The less you attempt to understand the words of the ritual chanting, the more soothing it is. I watch the beatific expressions of everybody listening to a priest chanting mantras at a pooja, while I'm reduced to wondering what is so edifying about "I offer these flowers and rice and water to you, O Ganesha. I offer the smoke of this incense to you."
The placebo effect of religious rituals is highly dependent on this, hence the fondness for obscure mumbo-jumbo in a language not understood by a vast majority of the listeners.
The songs in languages you cannot understand always sound sweeter- same effect, I guess.


Sujatha has a very good point. Joseph Campbell, author on religion and myth, talked specifically about the ritual of the Catholic Mass. He was raised a Roman Catholic. He was critical of the turn to the vernacular that was instituted by the Second Vatican Council in the mid 1960s. Ritual and myth bring a sense of the transcendent and mysterious to our lives and experiences. Before Vatican 2 the priest faced away from the congregation and spoke in an arcane classical language that most people do not understand. Today the priest faces the worshipers and performs the most sacred and important rituals of the faith in their own language.

I suppose that the question remains as to why mystery, ceremony, ritual, and artifacts of devotion should be perpetuated in a culture and age of Enlightenment and rational science. In and of themselves they may mean very little. They may mean a great deal, however, in bringing a faith community to a transcendent experience. The transcendent and the numinous are very human experiences. These human experiences are, at least, part of what people understand as spiritual.

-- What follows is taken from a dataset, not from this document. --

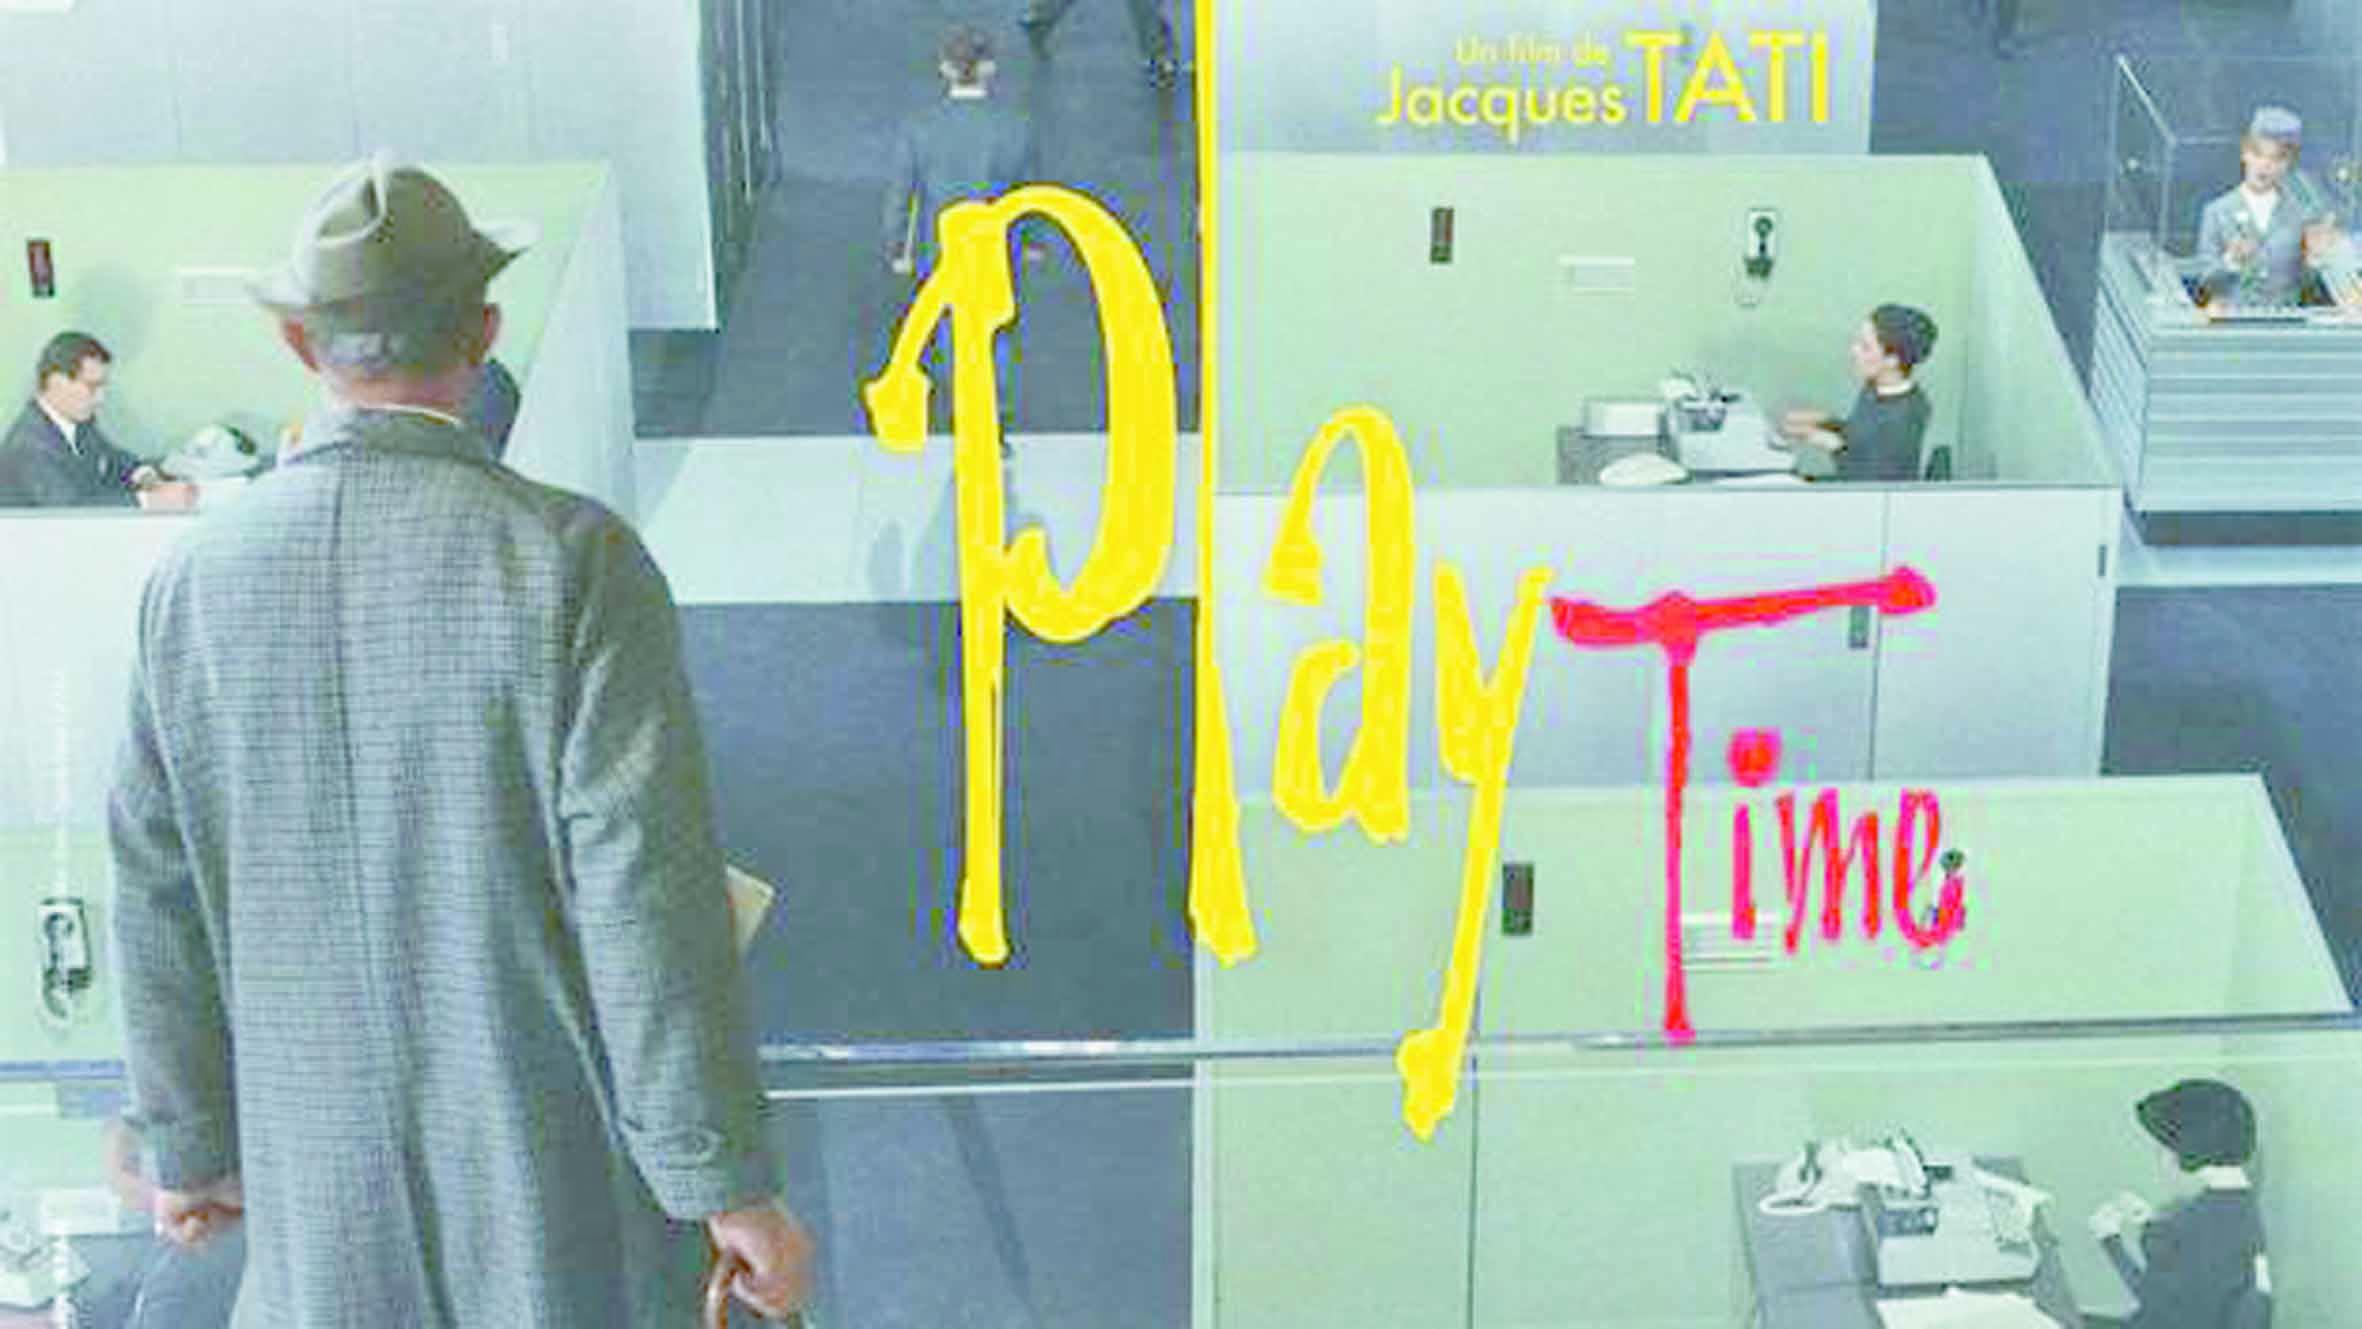 Les meilleurs films de tous les temps : 97 - Playtime Jacques Tati (1967)

There is much of life that has no explanation and is now, and perhaps for all time, a mystery. Tapping that mystery does not provide an answer, necessarily, but seeing ourselves as part of that mystery that defies all deep understanding can provide some people with humility and awe and acceptance.

i'm not really qualified to comment on this issue, but i do think i have a couple of points to contribute. in the two cases cited below, the through my fault(3) (or mae culpa, mae culpa, mae maxima culpa)has always been there - not a new edition. true, it did disappear briefly from the missal but was reinstated recently.
"I confess to almighty God and to you my brothers and sisters that I have sinned through my own fault in my thoughts and in my deeds, in what I have done and what I have failed to do."

"I confess to almighty God and to you, my brothers and sisters, that I have greatly sinned in my thoughts and in my words, in what I have done and what I have failed to do, through my fault, through my fault, through my most grievous fault."
ever since i remeber, i've said the confeitor with three mae culpas, each said striking the chest.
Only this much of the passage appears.